## Your goal
Nothing outside the range is wanted. Repeat exactly the lines below from the one with "Clima de recuperación" through the one with "Emma Watson con una bella sonrisa - 1280x960".

## Given entries
··········
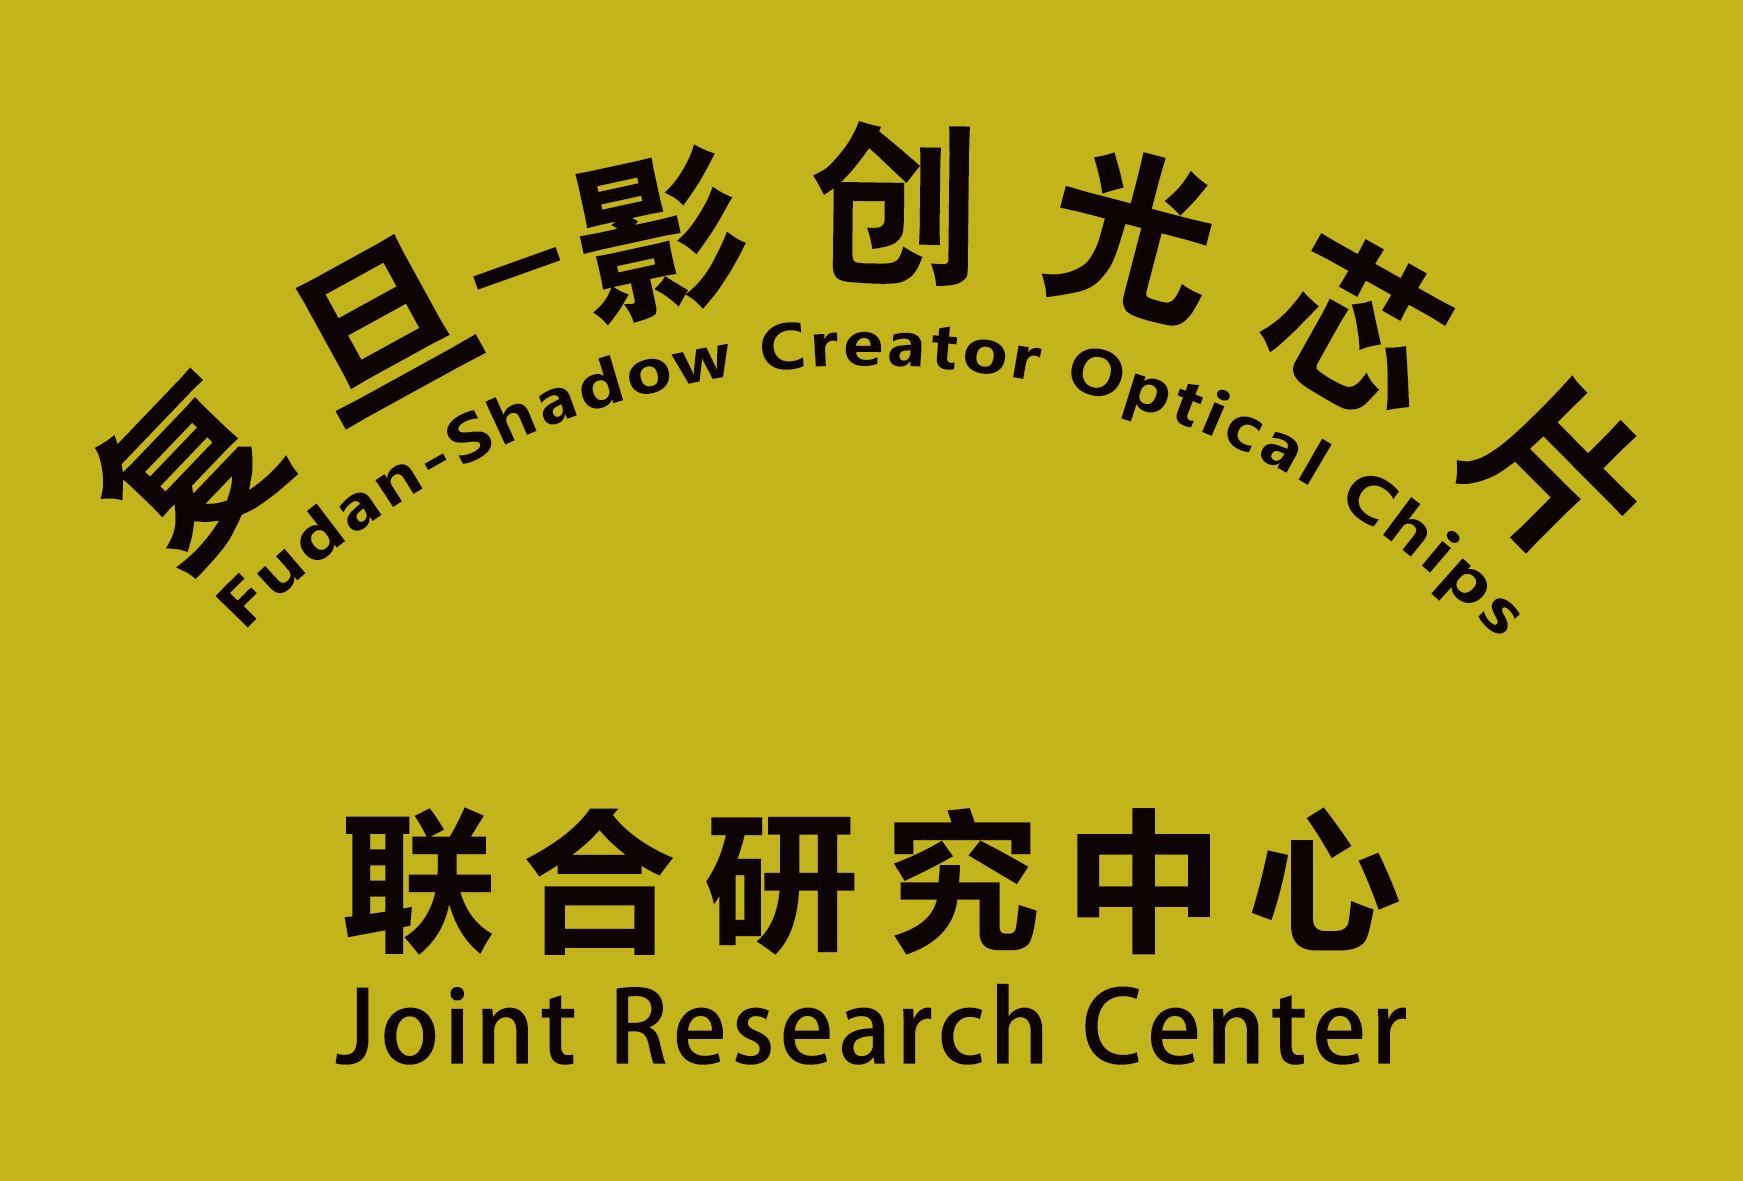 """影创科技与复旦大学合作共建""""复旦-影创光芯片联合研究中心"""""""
··········
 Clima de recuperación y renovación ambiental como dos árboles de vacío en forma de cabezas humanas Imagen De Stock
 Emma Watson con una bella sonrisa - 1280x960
··········
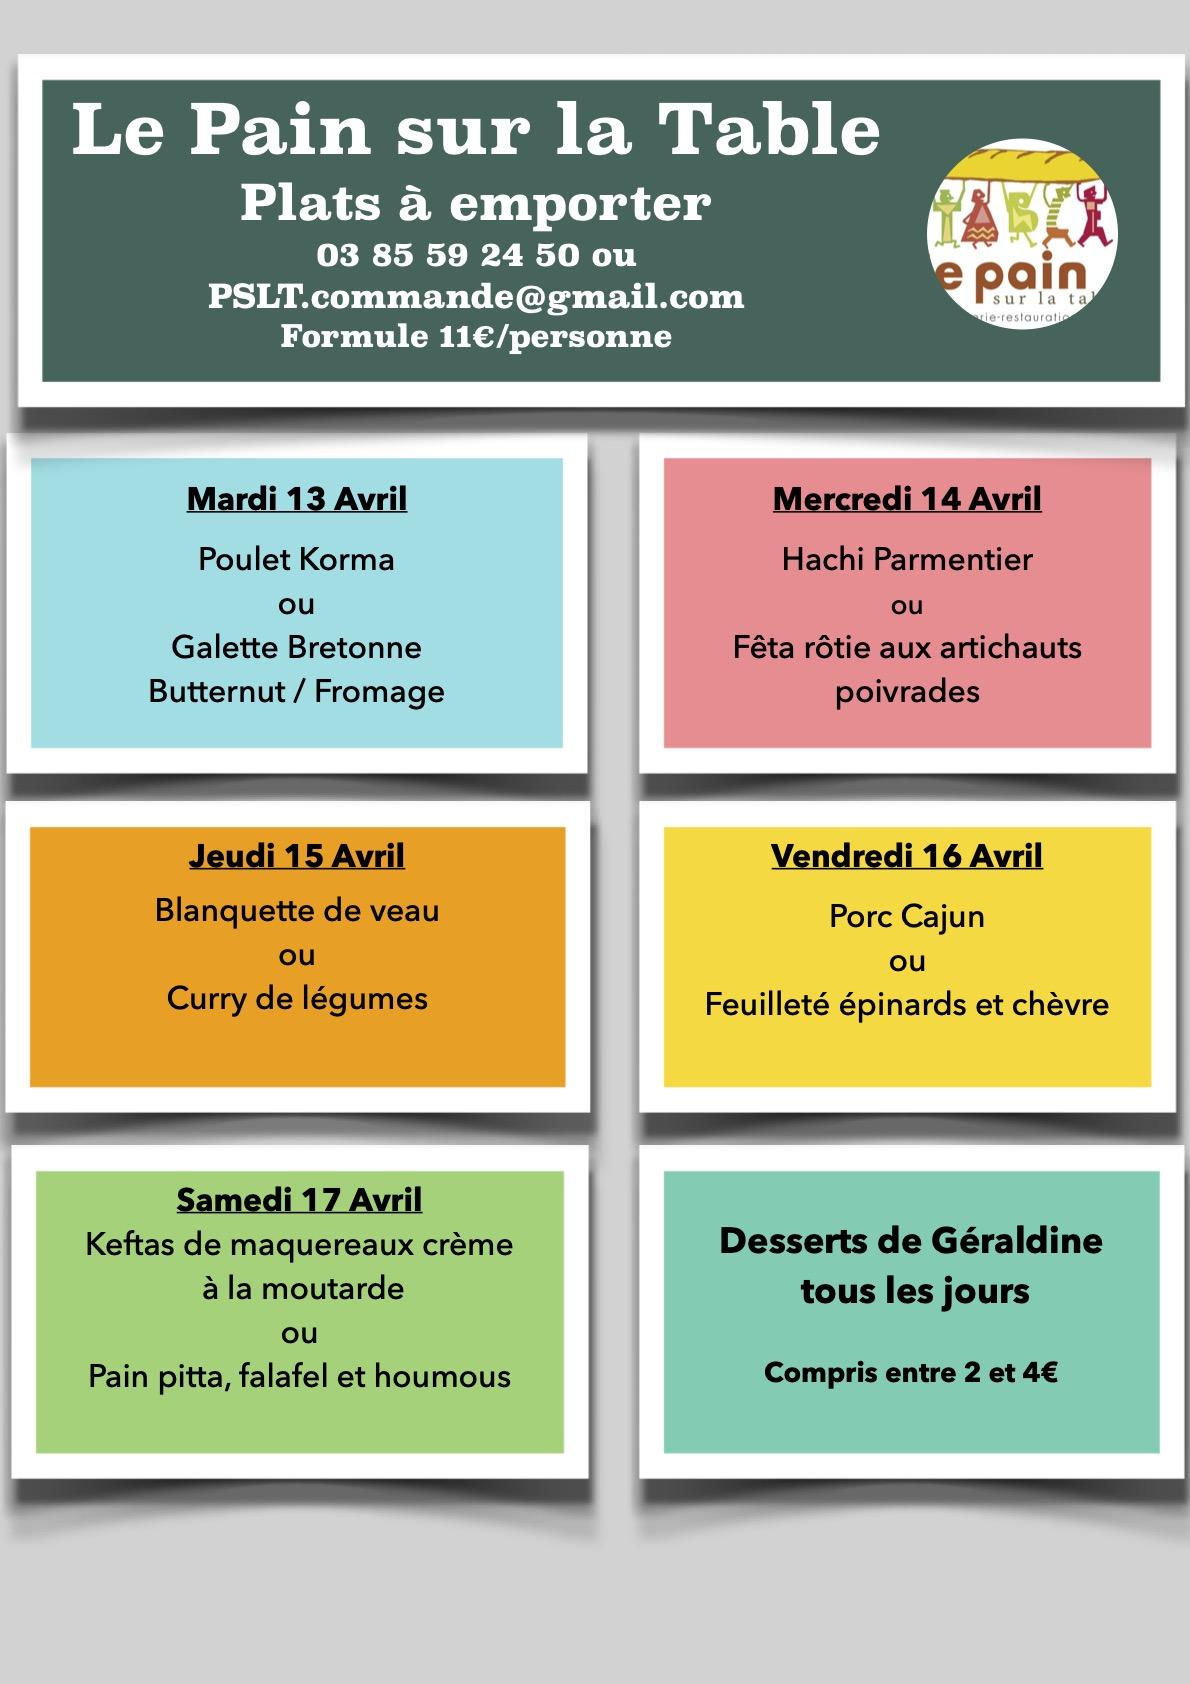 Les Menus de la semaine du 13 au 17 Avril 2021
··········
## Written response
 Clima de recuperación y renovación ambiental como dos árboles de vacío en forma de cabezas humanas Imagen De Stock
 Emma Watson con una bella sonrisa - 1280x960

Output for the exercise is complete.